Intelligence at the edge is exciting. The edge allows devices to compute and analyze data closer to the user as opposed to a centralized data center far away, which benefits the end user in many ways. It promises low latency as the brains of the system are close by, rather than thousands of miles away in the cloud; it functions with a local network connection rather than with an internet connection, which may not always be available; and it offers a stronger guarantee of privacy because a user’s information is not transmitted and shared to remote servers. We will soon be able to process data closer to (or even inside) endpoint devices, so that we can reap the full potential of the intelligent analytics and decision-making.
But the computing power, storage and memory required to run current AI algorithms at the end point is hampering our ability to optimize processing there. These are serious limitations, especially when the operations are time-critical.
To make intelligence at the edge a reality, being able to understand, represent and handle context is most critical.
What does that mean? It means that we give computing systems the tools to identify and learn what is needed, and only what is needed. Why generate and analyze useless or low-priority data? Capture what is needed for the purpose required and move on. Intelligent machines at the edge should be able to “learn” new concepts needed to perform their tasks efficiently and they should also be able to “systematically forget” the concepts not needed for their tasks.
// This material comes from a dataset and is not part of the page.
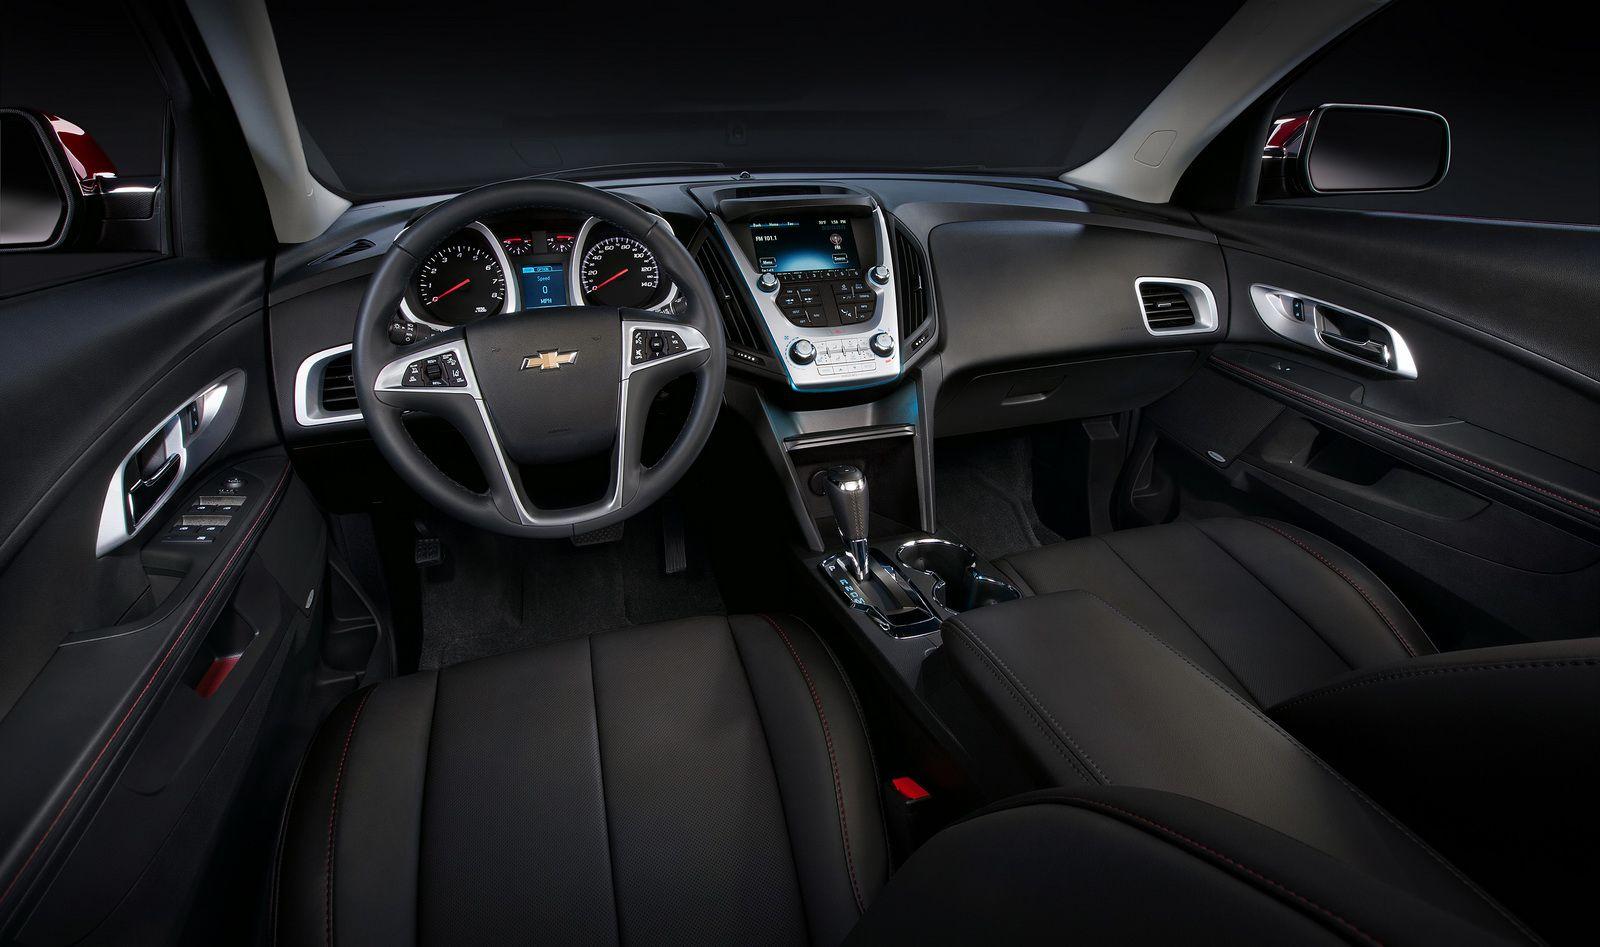 2019 Equinox Small Suv Interior Photo Of The Dashboard Chevrolet Equinox Chevy Equinox Fuel Efficient Suv

Humans learn contextually. Computer systems at the edge don’t – at least, not quite yet. But when they can, the power of AI and machine learning will be transformational.
The “Edge” of innovation
There are many definitions of context. Among other things, context can be relational, semantic, functional or positional. For our discussion we will use this [1] definition: “A system is context-aware if it uses context to provide relevant information and/or services to the user, where relevancy depends on the user’s task.”
Here’s a simple example in which object-recognition is strongly influenced by contextual information [1]. Recognition makes assumptions regarding object identities based on its size and location in the scene. Consider the region within the red boundary in both images. Taken in isolation, it is nearly impossible to classify the object within that region because of the severe blur in both images. However, when viewed with the entire image, we can easily identify the object as a car in the street in the left image and a pedestrian in the street in the right image. This example shows that our brains take strong clues from surroundings and orientation to judge what we may be observing based on scene context.
Another example, assume you have a smart kitchen assistant that can be installed in your home, that will be able to learn the layout of the home, determine what you are trying to cook and provide timely assistance based on what it observes and learns about your behavior over time. You could purchase a smart assistant which is powered by a trained model that gives it a basic understanding of key recipes and kitchen tasks, but the assistant doesn’t inherently know the specifics of your kitchen environment that will signal these tasks are taking place.
Once it is installed, it uses a camera to get a sense of your kitchen. It starts to learn its environment based on what it already knows about basics of kitchen tasks. Its auditory sensors pick up the sound of a faucet running to fill the coffee pot. It recognizes you turning on the morning news and then heading to a cabinet to take out a canister and scoop to begin filling the coffee filter.
Then after a couple of days of observations, at 7 a.m. the box knows that it should be time to make your coffee.
Then, it can compare this input to what it knows about the coffee-making task and will only store the information related to this task, disregarding the irrelevant data. So, coffee pot filled with water at 7 a.m.? Check. Relevant. Morning news comes on at 7:02? Delete. Not necessary for the task.
These two examples show what context can provide when we do compute at the edge. Context is all around us and provides some of the most important information for us to make choices.
The benefits of these contextual optimizations can be considerable. In a case like this with an AI assistant at the edge, we can ultimately optimize performance at low power. Low power means lower cost. Plus, less data means processing can occur at lower capacity, another time- and money-saving attribute.
We’re testing this concept using machine vision algorithms for the Intel® Movidius™ VPU (vision processing unit) chipset platform, using just the information from the encoder for analysis. Because we can use mechanized compression, we’re saving 25 times in bandwidth and 10 times in computing power. Such reduction in resources needed can translate to comparable savings in analytics cost or, as in our case, more than 12X increase in the number of simultaneous video streams analyzed on the same platform in real time.
With self-learning algorithms, contextual learning and multimodality, AI and edge technologies will one day, at last, be integrated into a productive and efficient system. And then, the sky is the limit for AI applications at the edge.